NOW THEREFORE, in consideration of these premises and for other good and valuable consideration, the receipt and sufficiency of which are hereby acknowledged by each Party, the Parties agree as follows:
 
1.
Unless otherwise stated, all terms appearing herein with a capital letter shall have the meaning set forth in the Agreement.
 
***Confidential treatment requested pursuant to a request for confidential treatment filed with the Securities and Exchange Commission.
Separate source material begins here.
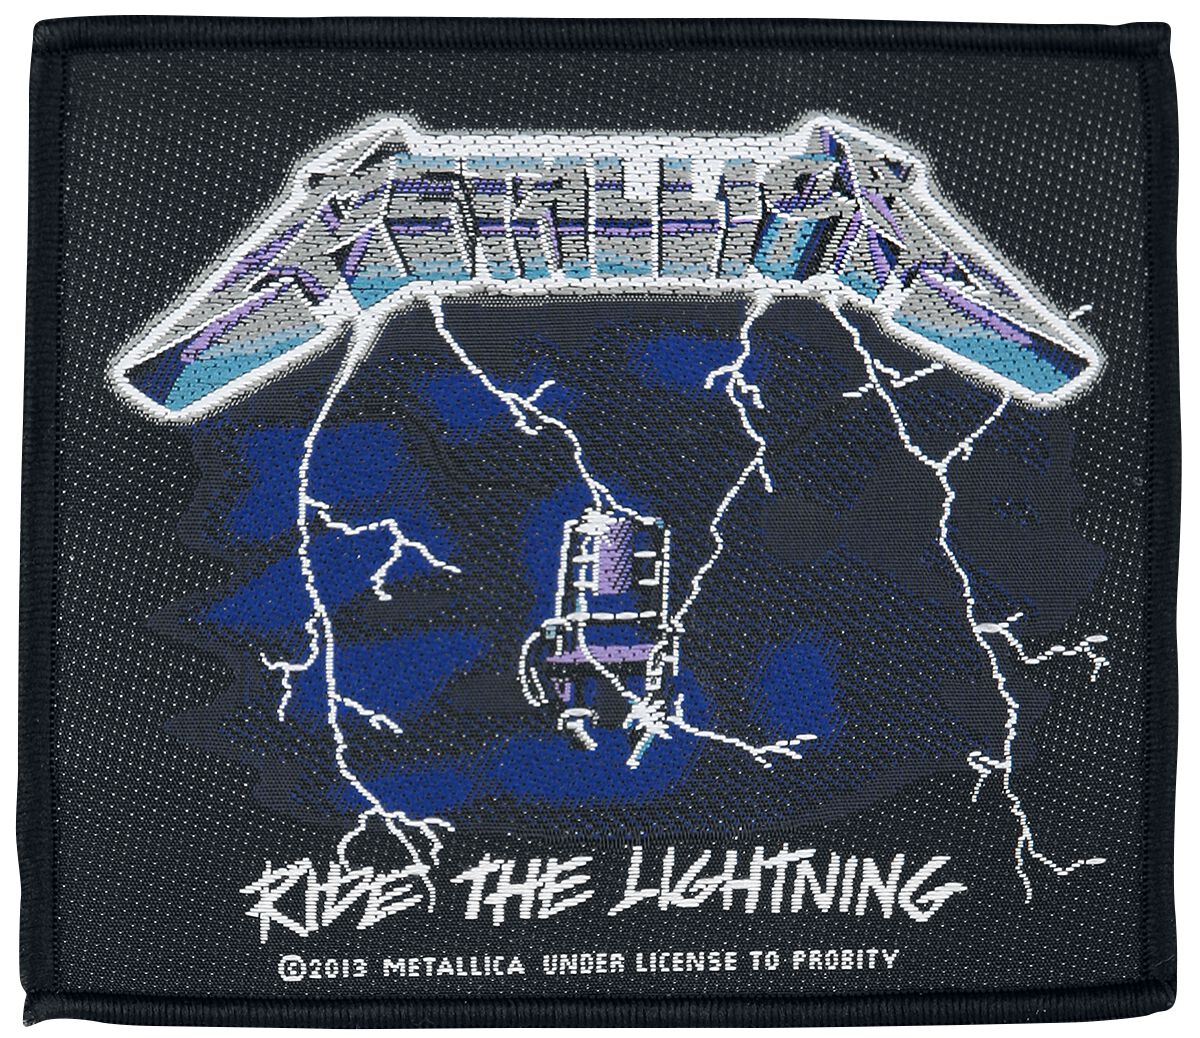 Patch de Metallica - Ride The Lightning - pour Unisexe - noir/bleu/blanc

Omitted portions have been filed separately with the Commission.
 
 

 
CONFIDENTIAL TREATMENT REQUESTED BY NOVABAY PHARMACEUTICALS, INC.
 
2.
The Parties agree to modify Section 1.3 as follow:
 
1.3           “Acne-Plan” shall mean the then current comprehensive plan (including timelines) for the following: (i) during the Initial Period, (A) appropriate study(ies) to determinate the feasibility of one or more formulations for an Acne Product (the “Formulation Feasibility Studies”) and (B) the Development of such an Acne Product for the Galderma Territory, through the completion of (a) the Two Weeks Tolerance Study with respect thereto, and (b) the first Phase II Clinical Trial with respect thereto (the “Acne POC”), and (ii)  ;during the Continuation Period, further Development of Acne Products in the Field for the Galderma Territory through the Marketing Approval therefore.
 
3.
The Parties agree to complete Section 8.1.3 with the following clause:
 
Formulation Feasibility” shall mean that preliminary non-clinical studies have shown that it should be feasible to produce a stable formulation of a Collaboration Compound that should also be able to meet minimum requirements for patient acceptability.  It does not imply that a final commercial formulation has been developed.  Formulation Feasibility shall be determined independently from the Completion of Preliminary Proof of Concept Study and any results thereof.
 
4.
The Parties agree to add the following Section 8.1.4:
 
8.1.4           Completion of Two Week Tolerance Study.  Upon the completion of the Two Weeks Tolerance Study to Galderma’s satisfaction and no later than January 10, 2010, [***].
 
5.
The Parties agree to modify Section 8.2.1 as follow:
 
8.2.1           Continuation Fee.  A non-refundable, non-creditable “Continuation Fee” in the applicable amount set forth in the table below based on the timing of such payment:

Timing Amount of Continuation Fee
If paid on or before October 1, 2010
$[***]
If paid after October 1, 2010 but on or before December 31, 2010
$[***]
If paid after December 31, 2010 but on or before March 31, 2011
$[***]
If paid after March 31, 2011
$[***]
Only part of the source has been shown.